Conceived as a step towards enabling interactive use of the architecture program’s new KUKA robot, the Lego robot was designed to mimic the proportions of the actual robot so that it could be used to test ideas and procedures at a small scale prior to implementing them at the scale of the actual industrial robot arm. Additionally, if the Lego robot could be built such that it could record movements and positions imposed by hand, the actions recorded with the small robot could potentially be played back on the large robot. This would be all the more interesting if it could be achieved in realtime, translating motion from small- to large-scale on-the-fly.
This project was not without precedent. KUKA-specific software development firm OrangeApps, located in Germany, has developed a six-axis Lego robot that can be controlled using the KUKA KRC controller allowing KUKA KRL code to be executed against the Lego model. Their design employs KUKA OfficeLite software, which simulates the KRC controller software on a PC, along with a custom plugin to control two Lego Mindstorms EV3 controllers, which in turn power six motors to drive the axes. A seventh, smaller motor controls the gripper end-effector with which the robot is equipped.
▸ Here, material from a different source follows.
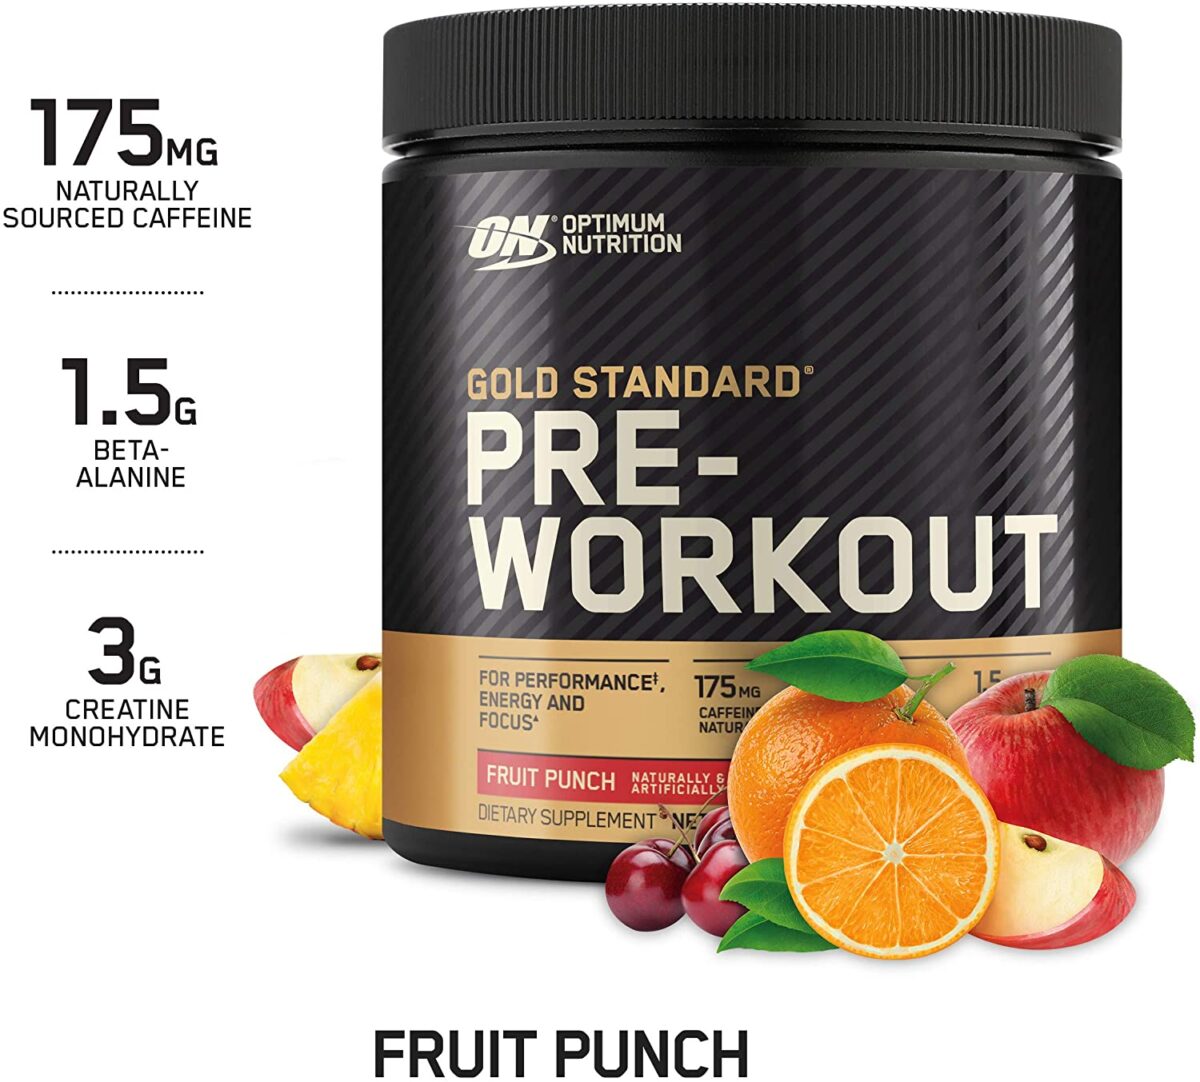 Optimum Nutrition Gold Standard Pre-Workout, Vitamin D for Immune Support, with Creatine, Beta-Alanine, and Caffeine for Energy, Keto Friendly, Fruit Punch, 30 Servings

The Lego robot pictured above was developed over the course of the initial month and a half of the Fall semester and represents the extent of its development to date. Constructed from Dan’s personal collection, which consists primarily of a Lego Mindstorms NXT robotics set and three large Lego Technic sets, the robot implements all six axes but is not yet functional. In order to keep the wrist construction compact, the design incorporates a custom, 3D-printed gear that facilitates the translation of rotation of the fifth and sixth axes across a single shaft that passes through the center of the fourth axis (see images below).
A few outstanding obstacles remain before the project can move from hardware to software development.
- Since the Lego NXT controller can natively only control up to three motors, an alternative controller will have have to be used to drive the robot. An Arduino-based solution will be implemented using the third-party Bricktronics Megashield. The Arduino and add-on shield have been purchased and assembled, but have not yet been tested.
- The current design is not well balanced and may require modification before the motors and gears will be able to handle the torque required to operate the second and third axes reliably.
- Due to the need to amplify torque using gear differentials and due to the complex series of gears used to implement the wrist, backlash may become an issue resulting in reduced precision and stability.